838. A very instructive case on the subject is Kashinath Dikshita v. Union of India decided on 15.5.1986 and reported in AIR 1986 SC 2118; (1986)3 SCC 229. In this case, where the appellant was a Supdt. of Police, the controversy centred around whether there had been violation of principles of natural justice by reason of: :
(i) failure to supply copies of statements of witnesses recorded ex parte at the pre-inquiry stage; and
(ii) the failure to supply copies of the documents on which reliance was placed by the Department to establish the charges before the enquiry commenced.
On the first issue, the Supreme Court held that the appellant was entitled to full copies of statements of witnesses recorded during investigation or preliminary enquiry
On the second issue, the Supreme Court again held that the appellant was entitled to full copies of the listed documents, i.e., the documents on which reliance was being placed by the department to prove the charges. The Supreme Court also did not approve the approach of the Department in not allowing his request that he may be allowed help of his P.A. to take extracts during inspection of listed documents.

839. Consequently, the Apex Court held that it had resulted in failure of natural justice and vitiated the departmental proceedings.

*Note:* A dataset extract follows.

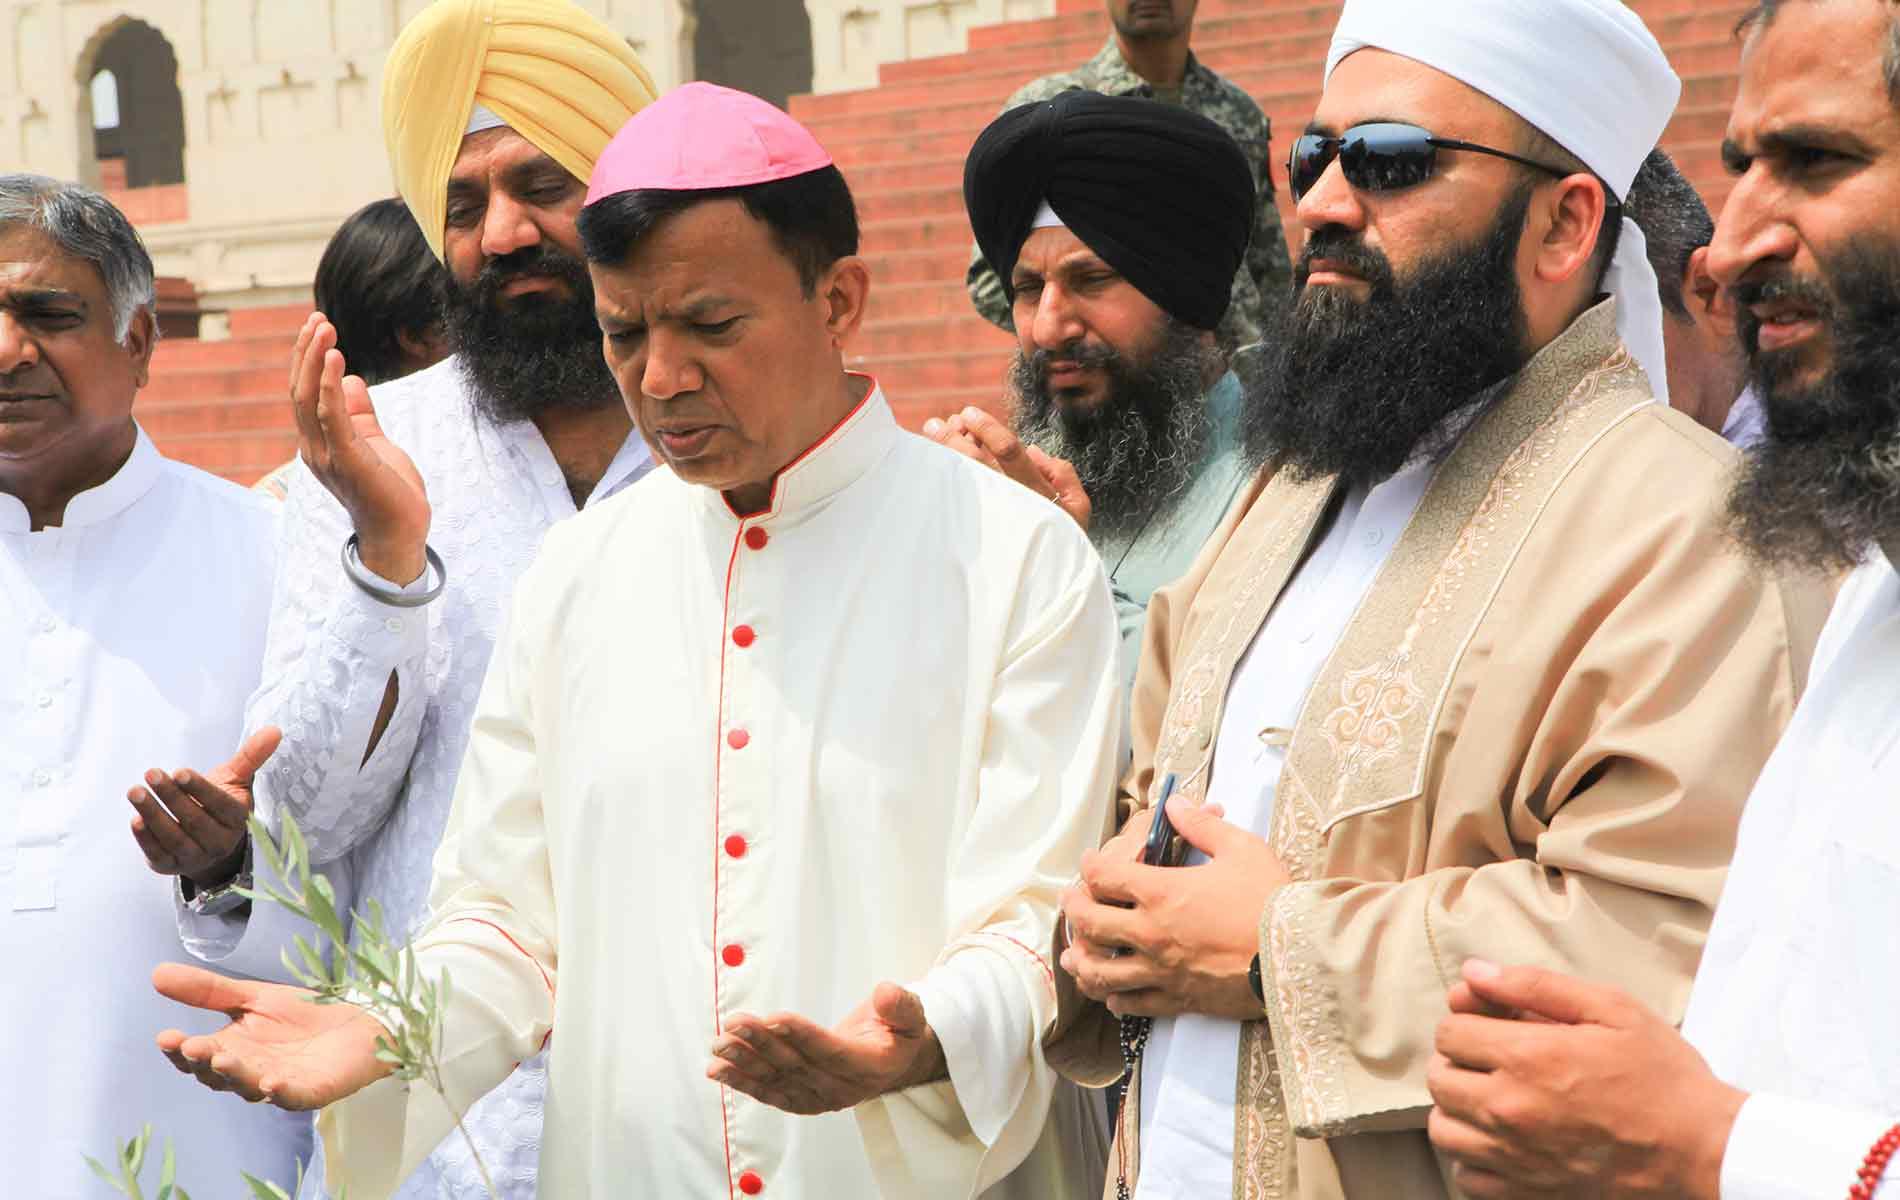 Bispo do Paquistão pede orações após ataque contra cristãos
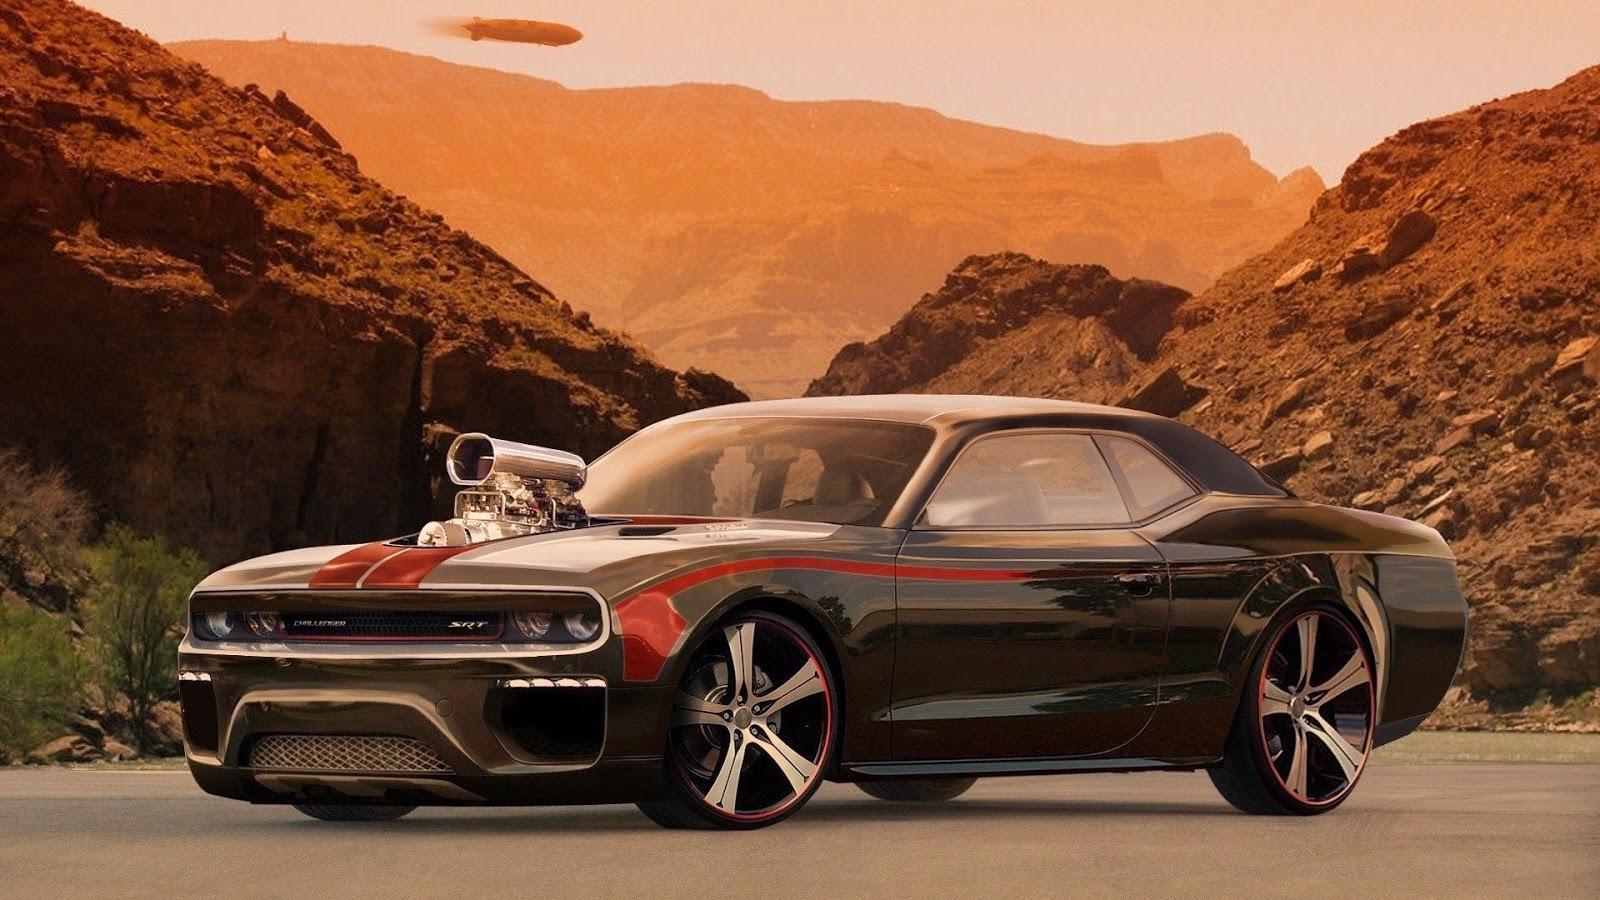 10 Best Muscle Car Wallpaper Free Usa Wallpaper

The Court quashed the order of dismissal from service passed in 1967 and also directed that no further proceedings be held, as the appellant had retired in superannuation in 1983.

840. The following quotation from the judgment will be found to be very instructive: “When a Government servant is facing a disciplinary proceeding, he is entitled to be afforded a reasonable opportunity to meet the charges against him in an effective manner . And no one facing a departmental inquiry can effectively meet the charges unless the copies of the relevant statements and documents to be used against him are made available to him. In the absence of such copies, how can the concerned employee prepare his defence, cross-examine the witnesses, and point out the inconsistencies with a view to show that the allegations are incredible. It is difficult to comprehend why the disciplinary authority assumed an intransigent posture and refused to furnish the copies notwithstanding the specific request made by the appellant in this behalf. Perhaps the disciplinary authority made it a prestige issue. If only the disciplinary authority had asked itself the question: “What is the harm in making available the material?” and weighs the pros and cons, the disciplinary authority could not reasonably have adopted such a rigid and adamant attitude.”

841. It is hoped that the disciplinary authorities/inquiry officers shall take message of the Supreme Court and rather than taking the posture “Why should I allow" adopt the attitude “What is the harm in making available the material?” A rigid and adamant attitude must be avoided and the approach of the disciplinary authority should be guided by reasonableness.